But a photoperiodic timer adds an additional feature of discernment that requires distinguishing short days from long days, and how this information is determined is still not clear. It is reasonable to assume that the circadian clock and photoperiodic timer are somehow linked, but the exact nature of their relationship remains to be demonstrated [8].
The downstream hormonal events controlling diapause are well known [9], but less is known about connections between the circadian clock or the photoperiodic timer and hormonal control mechanisms. One important link that helps explain how the diverse features of diapause are generated is the transcription factor FOXO, regulated by insulin signalling and juvenile hormone [10]. In the mosquito Culex pipiens, FOXO is linked to a network of downstream genes that regulate key features of diapause such as metabolic depression, stress tolerance, lifespan extension and cell cycle arrest [11], suggesting that activation of a single transcription factor can regulate many of the diverse features comprising the complex diapause phenotype. Direct links between clock genes and the insulin/FOXO pathway [12] offer promise for eventually connecting the photoperiodic clock to the developmental switch leading to diapause.
3. When photoperiodic clocks are not needed
(a). Obligate diapauses circumvent the need for photoperiodism
Insects that complete only one generation each year frequently enter diapause at a fixed developmental stage regardless of prevailing environmental cues [1]. Such a diapause is genetically programmed and is referred to as an obligate diapause. Obligate diapause does not require a mechanism to measure daylength for diapause induction, but environmental cues remain essential for regulating the timing of diapause termination and the onset of development. This mechanism for terminating diapause at the appropriate time dictates the active window of the insect's life. As we discuss later, selection on the timing of genetically determined obligate diapause facilitated adaptive radiation of Rhagoletis fruit flies, and their associated parasitoid wasps, thereby synchronizing their univoltine life cycles with the fruiting times of an array of host plants.
(b). Substituting thermoperiod for photoperiod
Low temperatures, especially during the dark, frequently enhance an insect's diapause response. In addition, experiments with the parasitoid wasp Nasonia vitripennis [4] and several species of moths [13] show that thermoperiod alone can generate a robust diapause response. This indicates that alternative pathways can provide input and even substitute for photoperiod as environmental cues regulating onset of diapause.
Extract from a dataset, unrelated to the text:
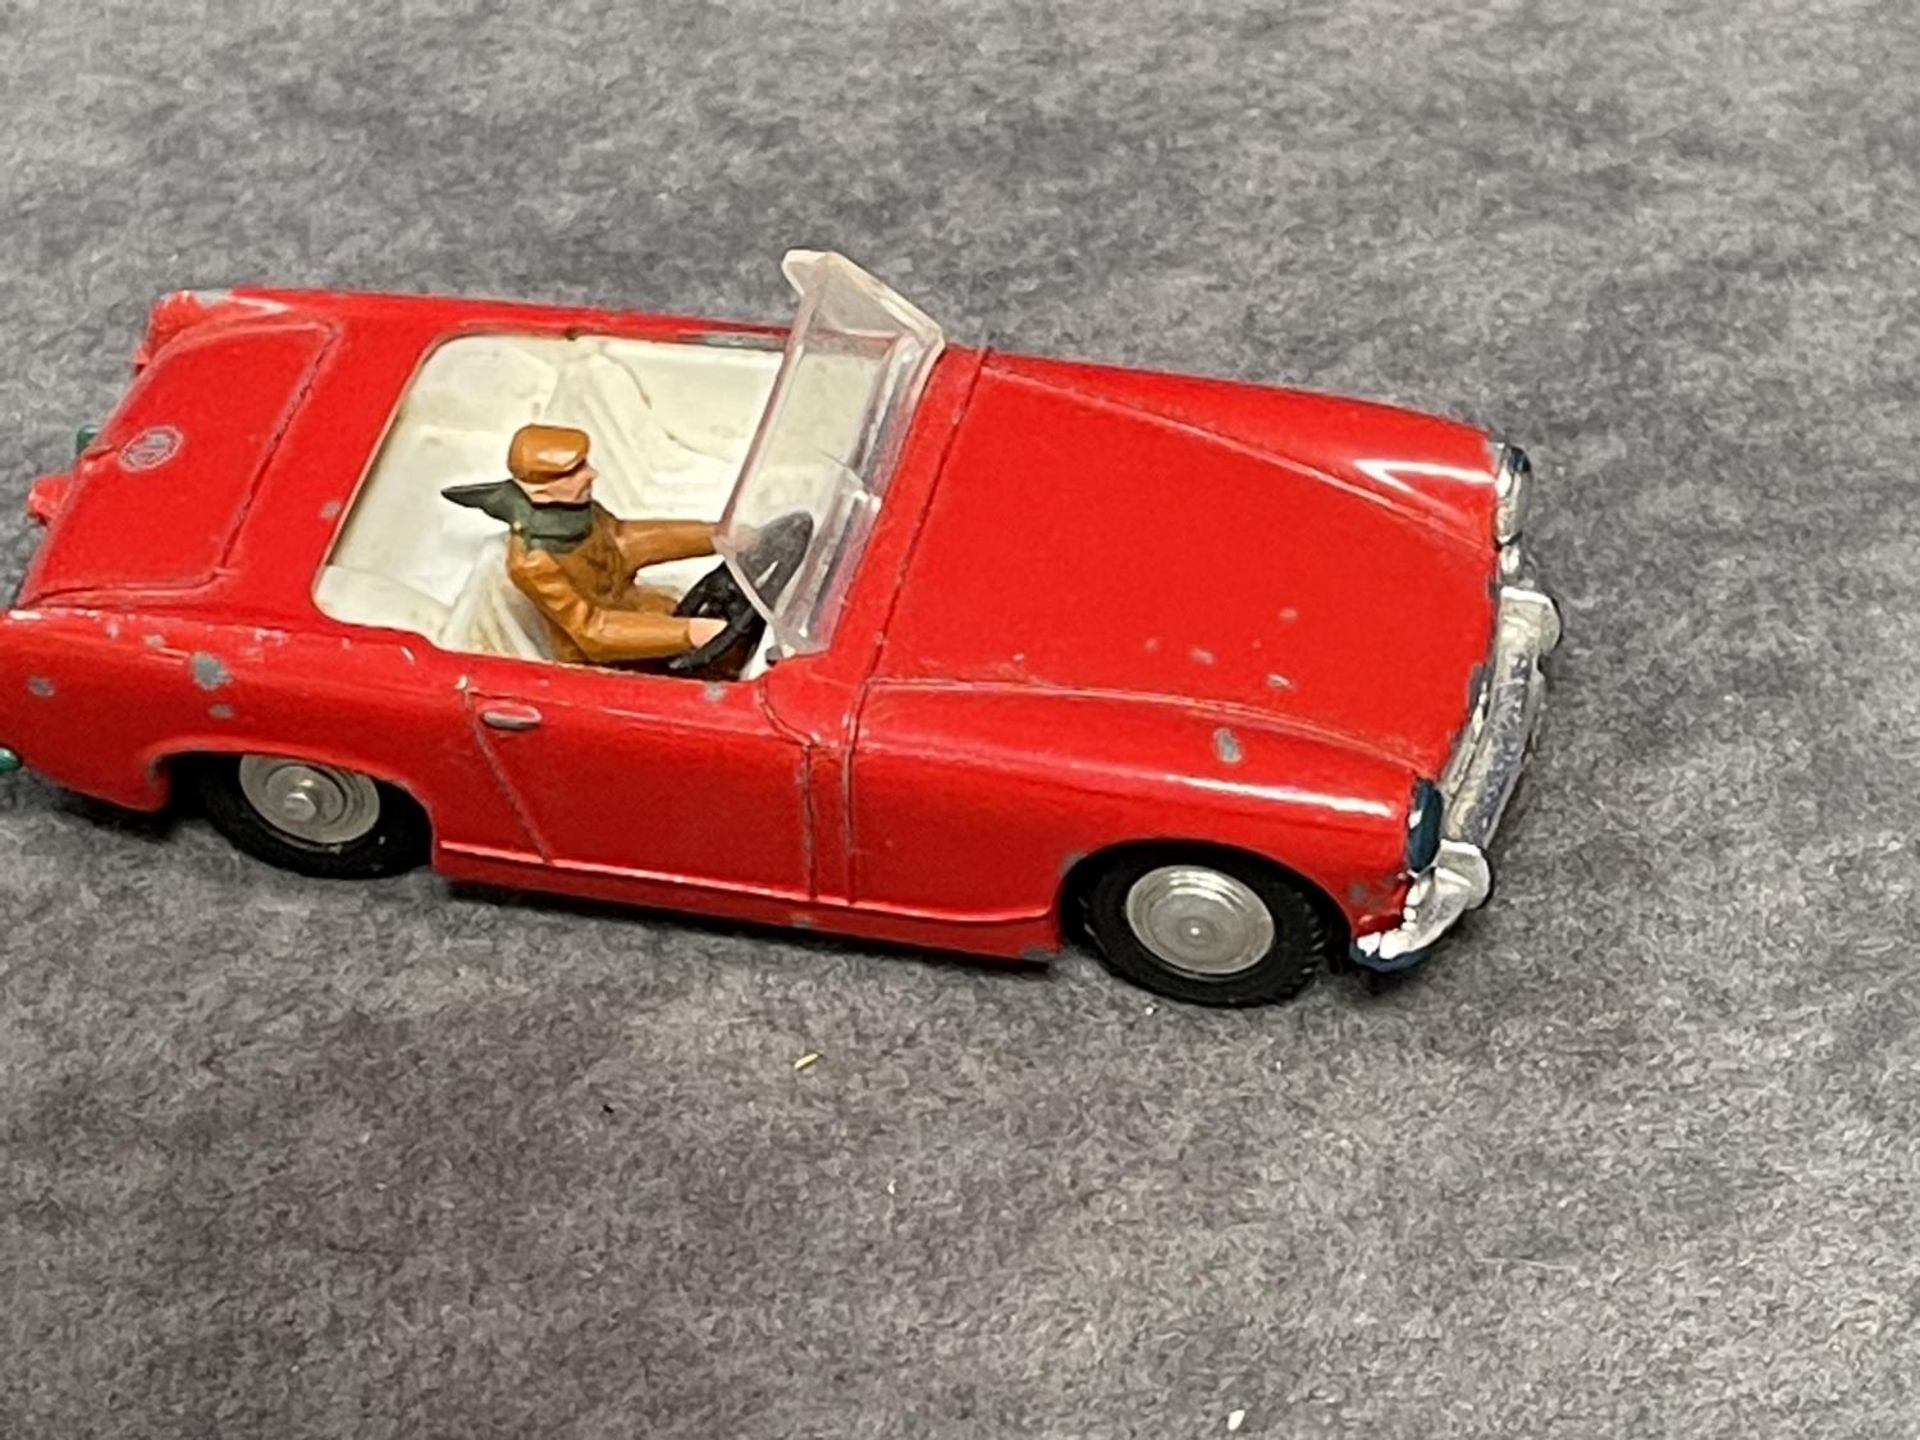 Spot-On #251 MG Midget Mark II In Red Very Good Condition Model A Few Chips Front Number Plate - Image 2 of 4

(c). Low and high latitude responses that lack photoperiodic input
Although insect clocks are amazingly precise, the slight changes in daylength within 5 degrees north or south of the equator are probably too small for insects to perceive [14]. This does not, however, mean that insects at low latitudes do not have the capacity for diapause. Diapause is widespread in tropical species, but photoperiod is supplanted as the dominant cue and other cues such as temperature, moisture and changes in food quality dictate the induction of diapause [14]. Thus, the physiological mechanisms for entering diapause are intact, but manifestation of the response is generated by conduits other than photoperiod.
At polar latitudes seasonal differences in photoperiod are extreme. Some species retain a photoperiodic response and clock genes cycle, resulting in diapause programming (e.g. Drosophila montana), albeit at critical photoperiods (more than 22 h light/day) considerably longer than for insects at lower latitudes [15]. At the other extreme, the midge Belgica antarctica has a short window of activity in Antarctica, and it remains fully active day and night as long as prevailing temperatures permit development. Although the midge has the full complement of circadian clock genes, the genes fail to show the cyclic pattern of expression seen in species from temperate latitudes [16]. Thus, diapause and other seasonal adaptations may or may not be separated from the photoperiodic timer in these extreme environments.
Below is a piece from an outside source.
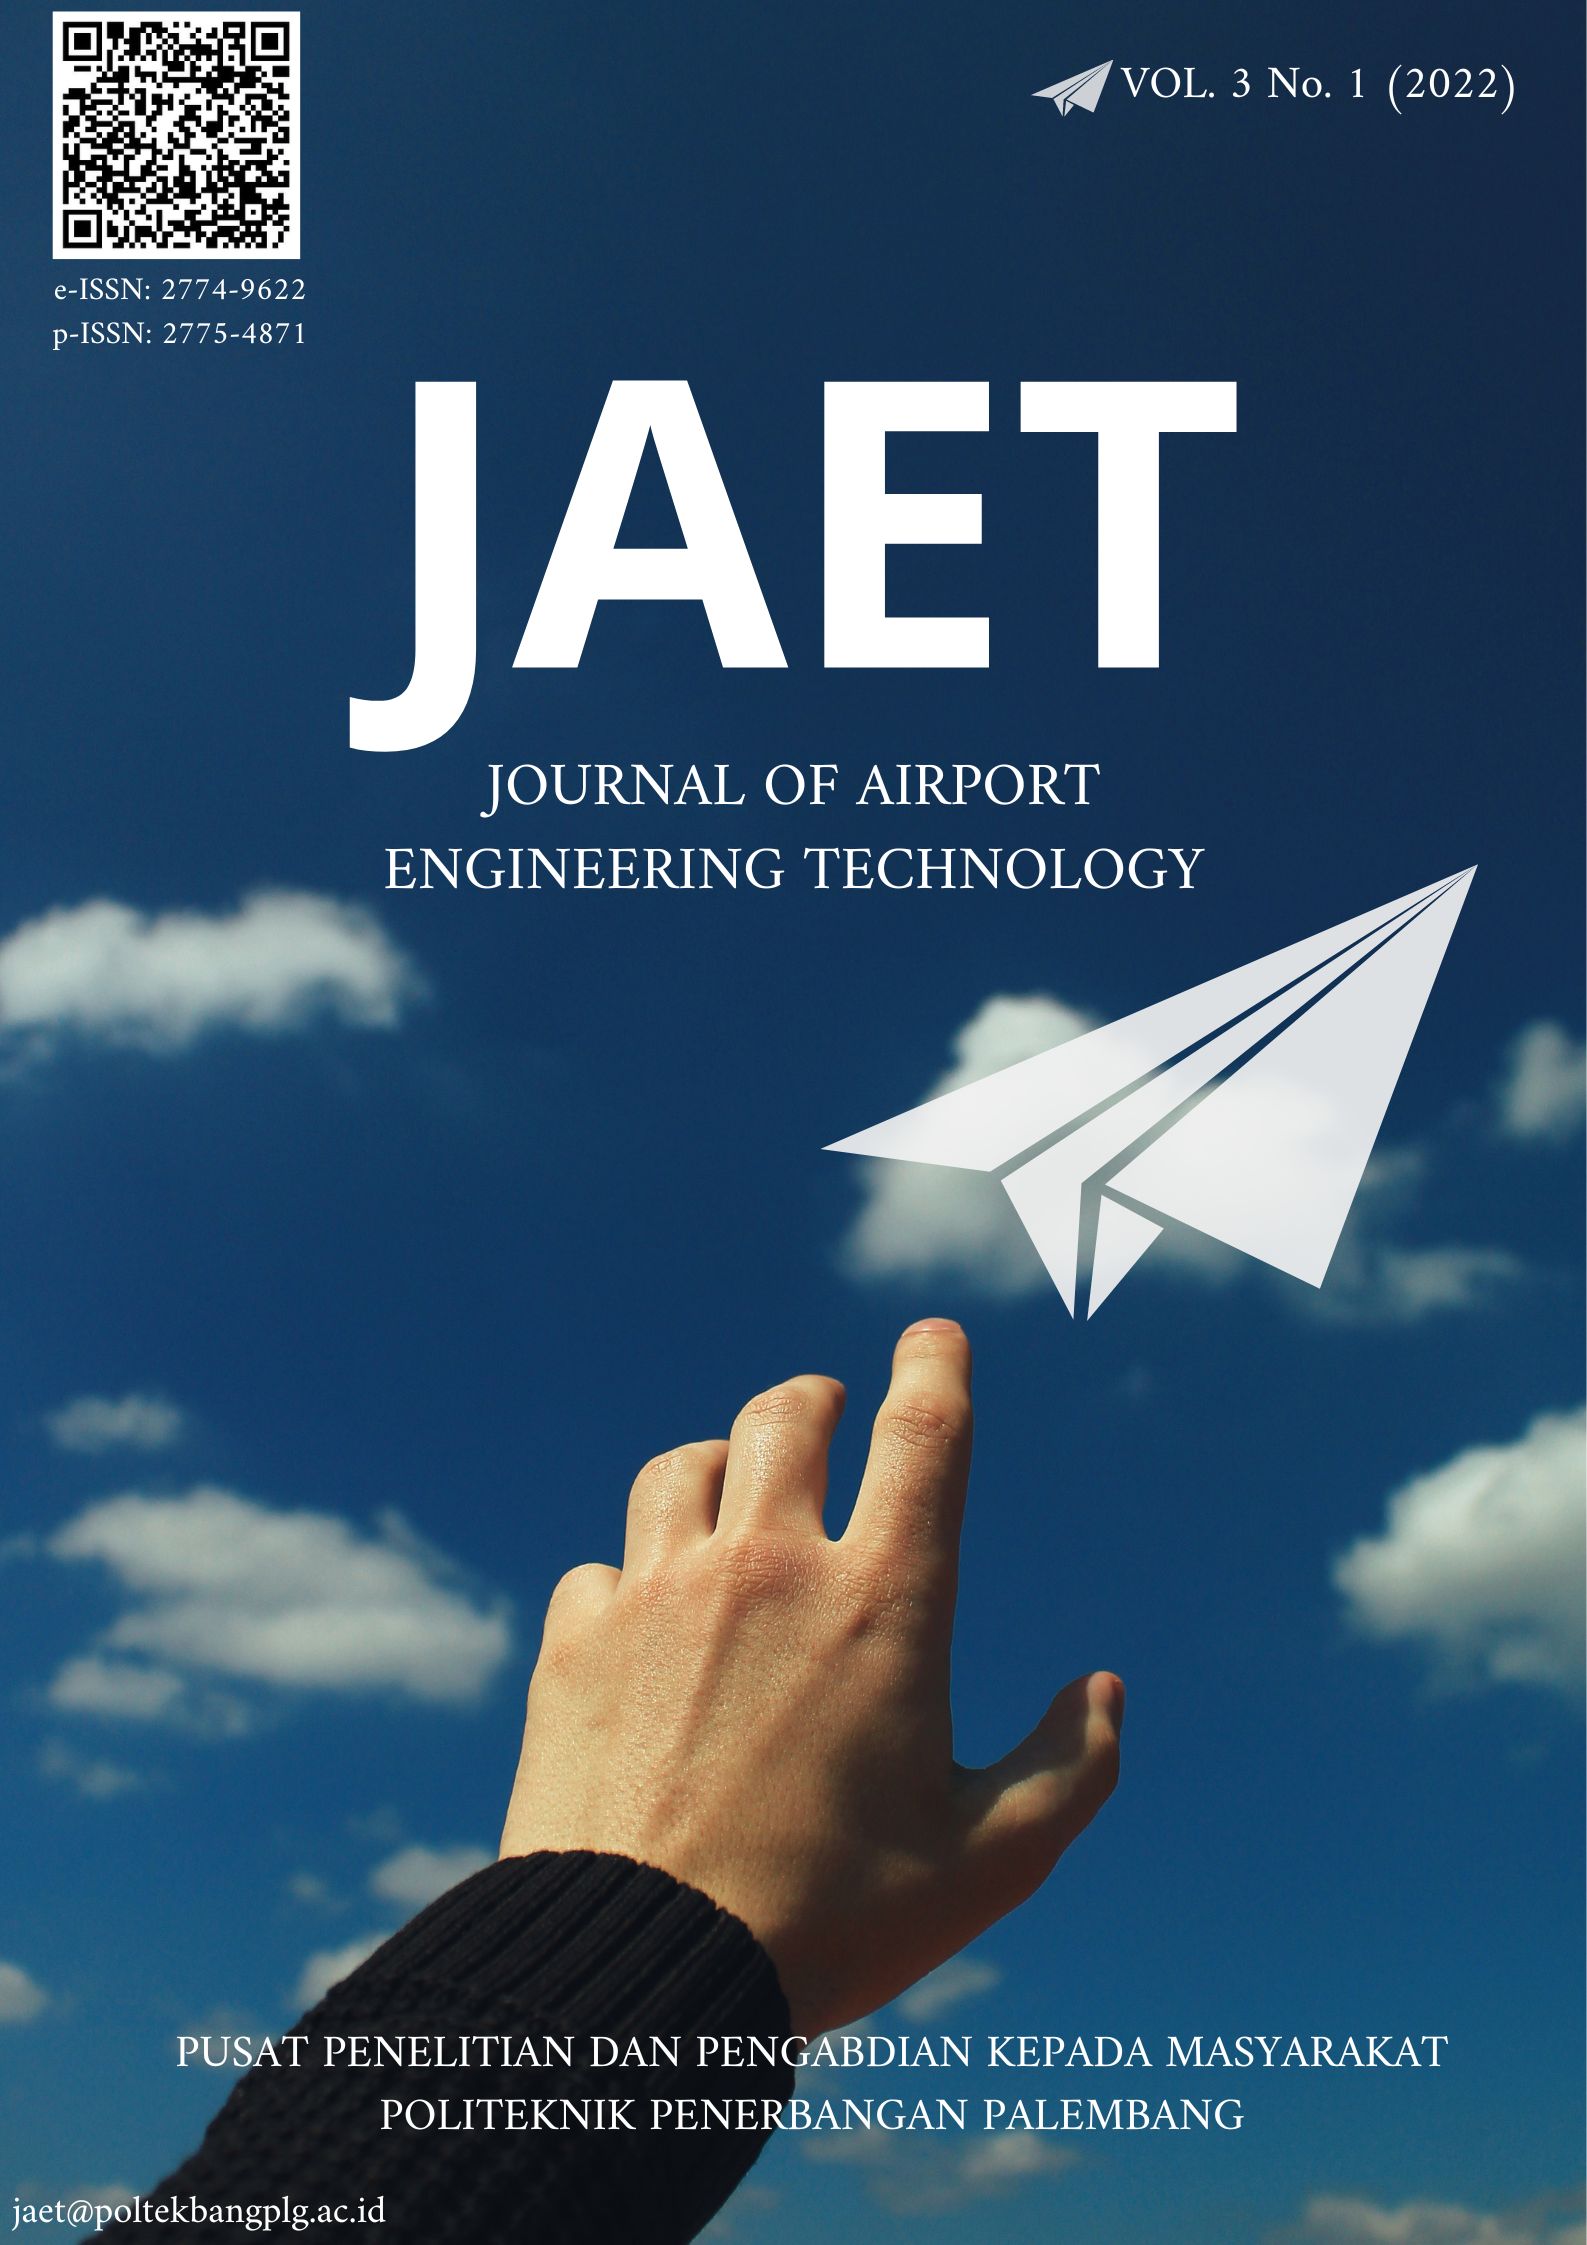 					View Vol. 3 No. 1 (2022): Journal of Airport Engineering Technology (JAET)

(d). Overriding the clock with maternal effects
Among some Diptera, Hymenoptera and Lepidoptera, photoperiodic information garnered by the mother can dictate the diapause fate of her progeny, and in a few cases the mother's diapause history alters her progeny's capacity for diapause [2,17]. For example, in the flesh fly Sarcophaga bullata, if the mother has overwintered in pupal diapause, her progeny are unable to enter pupal diapause even if they are exposed to strong diapause-inducing environmental conditions [18]. This mechanism is an adaptive response allowing early spring emergence of the adults without the risk of an untimely entrance into diapause by her progeny that would be exposed to short daylengths of spring and early summer. This result implies an uncoupling of the photoperiodic mechanism that programmes diapause from the downstream effector mechanism initiating diapause, a response that effectively overrides the photoperiodic timer and shuts off the capacity for diapause. Such maternal effects provide an unexploited opportunity to separate functions of the circadian clock, presumably fully active in flies whose photoperiodic initiation of diapause is overridden by maternal effects, from downstream mechanisms that may translate circadian clock function into the diapause programme. Another well-recognized example of a maternal effect in the aphid Megoura viciae reveals a maternal override of the photoperiodic response to determine the developmental fate (parthenogenetic or sexual forms) of the female's progeny [19].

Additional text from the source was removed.